The tide turned in the middle 80s. I remember it because it coincided with the installation of longer runways at some of the world’s best remote destinations, which sent them on their death spiral down the crapper. I also remember it because I was entering a few years of epic hospitalizations resulting from being crushed, spilt open and later paralyzed. Scattered among these visits to hospitals from Kathmandu to California to New York, there was still the occasional high point, remembered like a glossy black-and-white with that pretty Stork Club cigarette girl in the background, but they were rare. The industrialization of the processes had begun. The light was changing. The artists were shown the door.

Today, getting an operation isn’t any fun at all. Name one connoisseur of any standing who would disagree.

I’m reminiscing about this is because I have to have an operation in ten days. I brought it on myself. I popped a couple of hernias when carrying Roo after her snakebite. The underlying guts are now protruding in little lumps that have to be poked back in and won't quite go. It was why I had to put Roo back down on the ground and make her walk the last 300 feet to the car, though I then picked her up again to put her in and again to get her into the ER. There was no choice.
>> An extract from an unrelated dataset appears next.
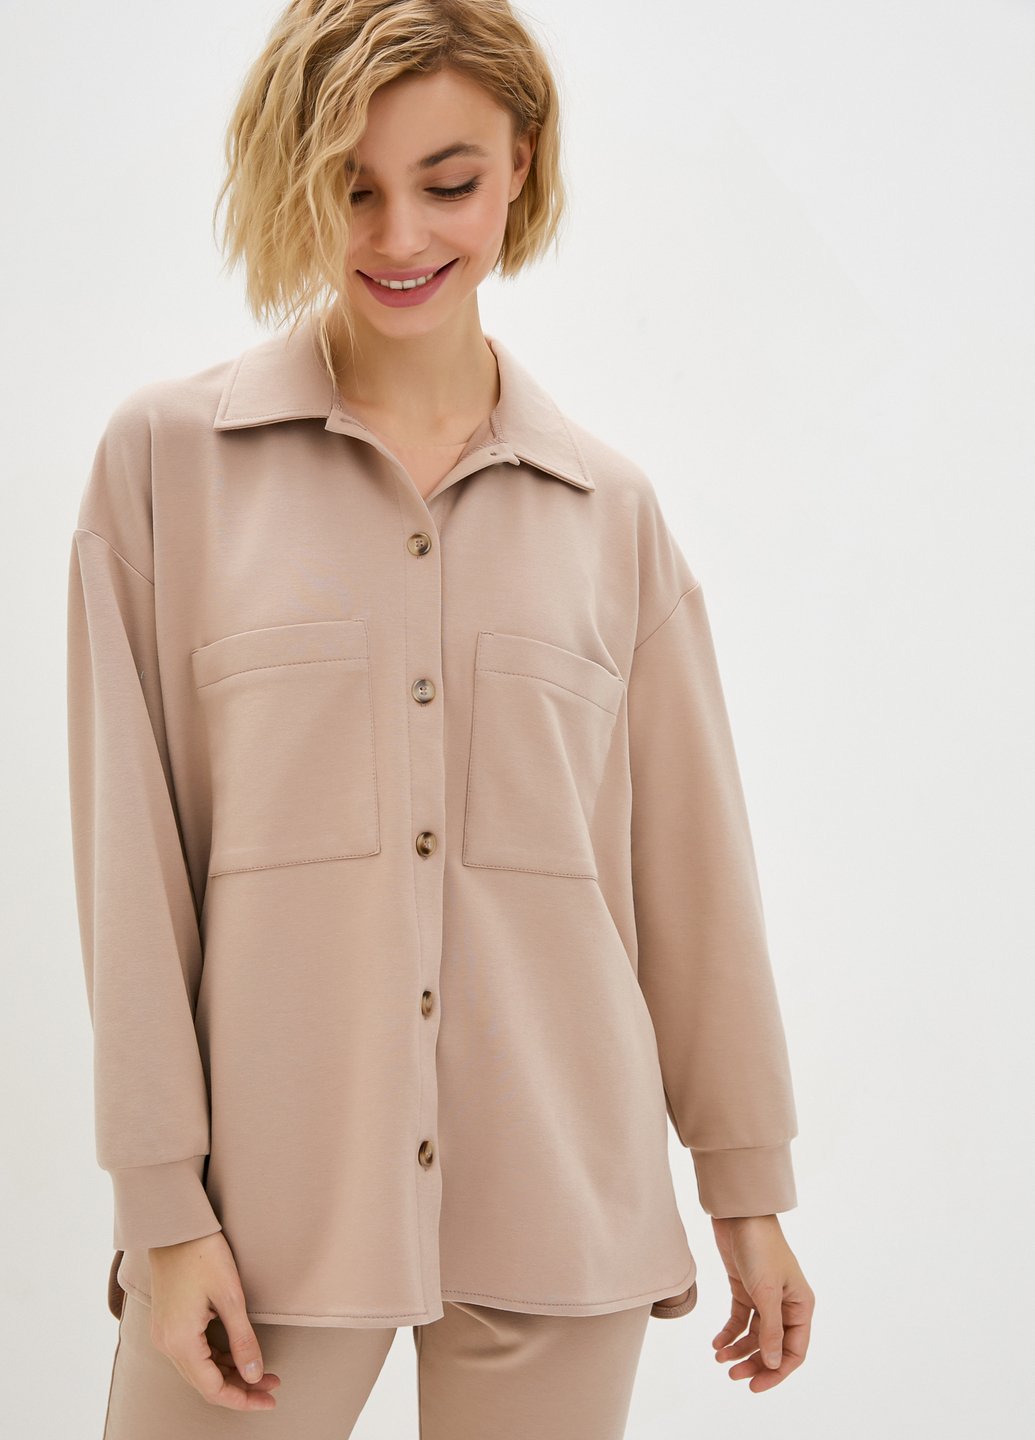 Купить Рубашка женская трикотажная оверсайз Merlini Йорк 200000060 - Бежевый, 42-44 в интернет-магазине

If you ask Roo,  by the way, she'll agree that being hospitalized isn’t too much fun, either.

Surgery doesn’t worry me. The most recent one I had was on a shoulder. I think the surgeon operated with a fork and mistook the shoulder for a plate of mashed potatoes that he needed to stir. He destroyed the shoulder forever, and I did that one with nothing but Tylenol (I won’t be doing that again).

What worries me, however, is Roo. It will be several days - the surgeon says three weeks, but I don’t believe that for a minute - before I can walk her at all. There is a yard here, and she can adapt, but it’s going to be a drag for her.

So. If anyone is in Asheville, North Carolina, and feels like walking Roo once or twice, let me know. She might need a place to stay, and I’m reluctant to place her in boarding, where, in the event I am required to stay in the hospital unexpectedly, I’m worried about her being stuck. Though we’ve been here since April, we don’t know a soul. That is because I am too shy to want to know anybody or to ever hang out with anybody. I guess the lesson is that no dog is an island. And there we are.

Trying to lighten the blow on the little World Bear.